First of all, we need to locate the most "interesting" device by IP address from logs (we list top 20 IPs based on server usage):

    ssh $server "cat /path-to-logs/localhost_access_log.$date.log" | awk '
        {
            t[$1 " " $7]++
            ip[$1]++
        }
        END {
            for(a in t) { print t[a], a }
            max = 0
            max_ip = ""
            for(a in ip) { if(ip[a] > max) { max=ip[a]; max_ip=a; } }
            print max_ip > "/tmp/max_ip"
        }
    ' | sort -n | tail -20
    IP="`cat /tmp/max_ip`"

Then selected IP will be examined hour-by-hour to locate patterns in behavior:



ssh $server "cat /path-to-logs/localhost_access_log.$date.log" | awk -v "SEARCH=$IP" '
{ sub(/:[0-9][0-9]:[0-9][0-9]$/, "", $4); TIME=$4; s[TIME]; }
$0 ~ SEARCH { s[TIME]++;}
END { for(a in s) { print a, s[a] } }
' $* | sort

Sample results with included requested URLs:



Number of calls on 2013-05-22, server: tm2

3 192.168.4.101 /path/nPVR getseries
3 192.168.4.101 /path/reminder get
3 192.168.4.101 /path/rentedItems
3 192.168.4.101 /path/stbProperties get
3 192.168.4.101 /path/subscriberInfo
3 192.168.4.140 /path/autoConfig
6 192.168.4.249 /path/authenticate
6 192.168.4.249 /path/favorite get
6 192.168.4.249 /path/rentedItems
6 192.168.4.249 /path/stbProperties get
7 192.168.4.249 /path/reminder get
7 192.168.4.249 /path/subscriberInfo
8 192.168.4.140 /path/authenticate
8 192.168.4.249 /path/nPVR get
8 192.168.4.249 /path/nPVR getseries
16 192.168.4.254 /path/subscriberInfo
25 192.168.4.254 /path/nPVR get
25 192.168.4.254 /path/nPVR getseries
83 192.168.4.254 /path/favorite get
98 192.168.4.254 /path/reminder get

192.168.4.254 activity per hour:

[22/May/2013:00
[22/May/2013:01
[22/May/2013:02
[22/May/2013:03
[22/May/2013:04
[22/May/2013:05
[22/May/2013:06
[22/May/2013:07
[22/May/2013:08
[22/May/2013:09
[22/May/2013:10
[22/May/2013:11
[22/May/2013:12 8
[22/May/2013:13 4
[22/May/2013:14 16
[22/May/2013:15 18
[22/May/2013:16 12
[22/May/2013:17 50
[22/May/2013:18 24
[22/May/2013:19 24
[22/May/2013:20 24
[22/May/2013:21 24
[22/May/2013:22 24
[22/May/2013:23 22

We can see that 192.168.4.254 device started to spam server 24 times per hour from 18:00 until midnight (imagine thousands of devices that synchronously send requests to back-end the same way).

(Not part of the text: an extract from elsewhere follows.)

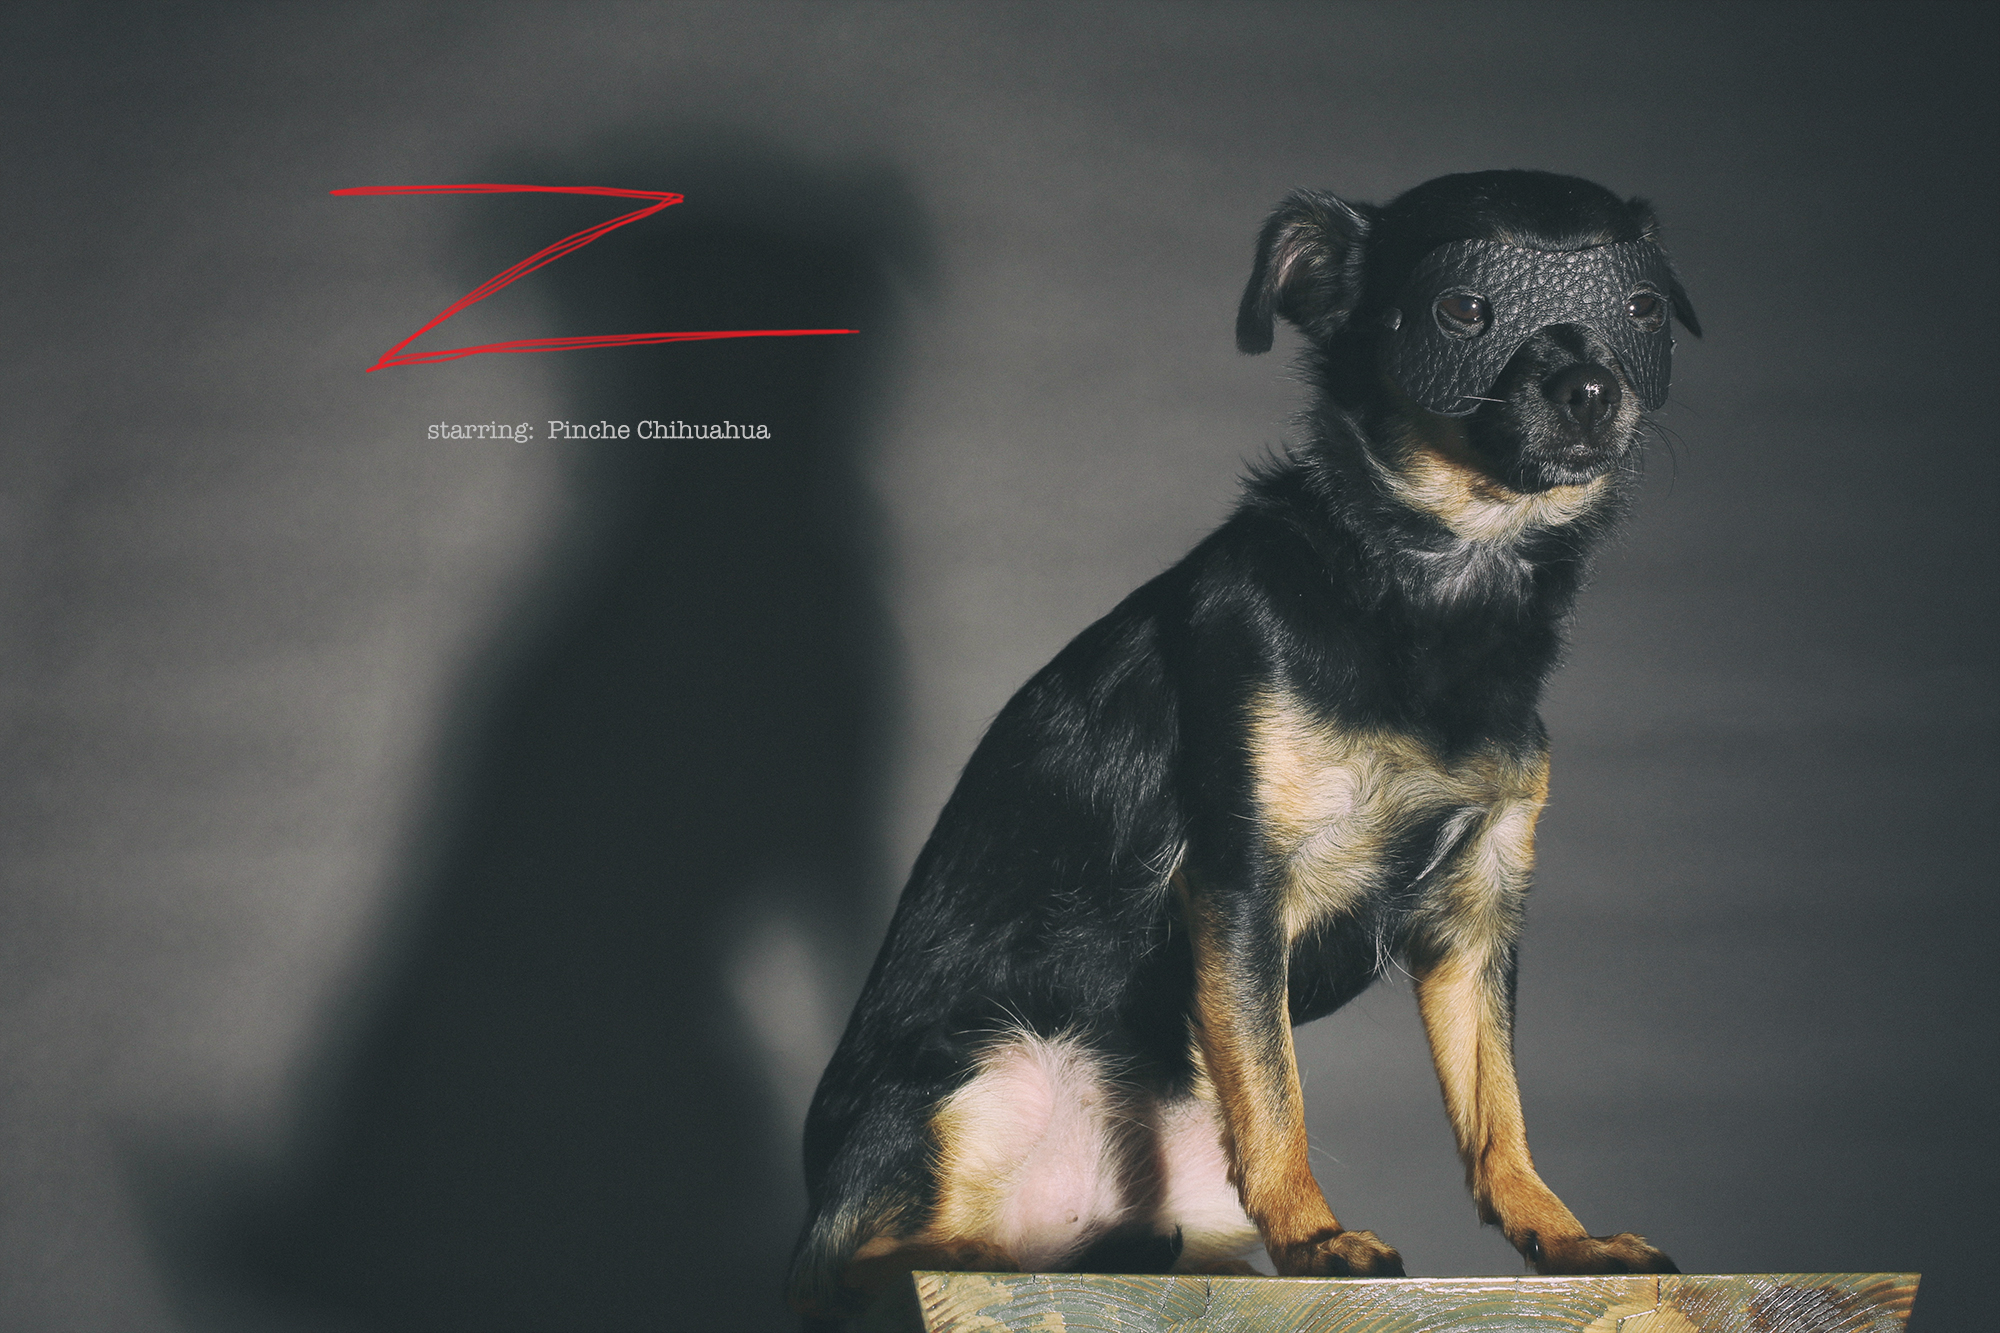 chihuahua1.jpg

This device logs will be thoroughly examined for possible reason for that behaviour.

At Aplikacja.info, we believe that software problems must be located as early as possible (even during development process). In above example we re-use existing development environment to catch problems that might be discovered in production with huge user base.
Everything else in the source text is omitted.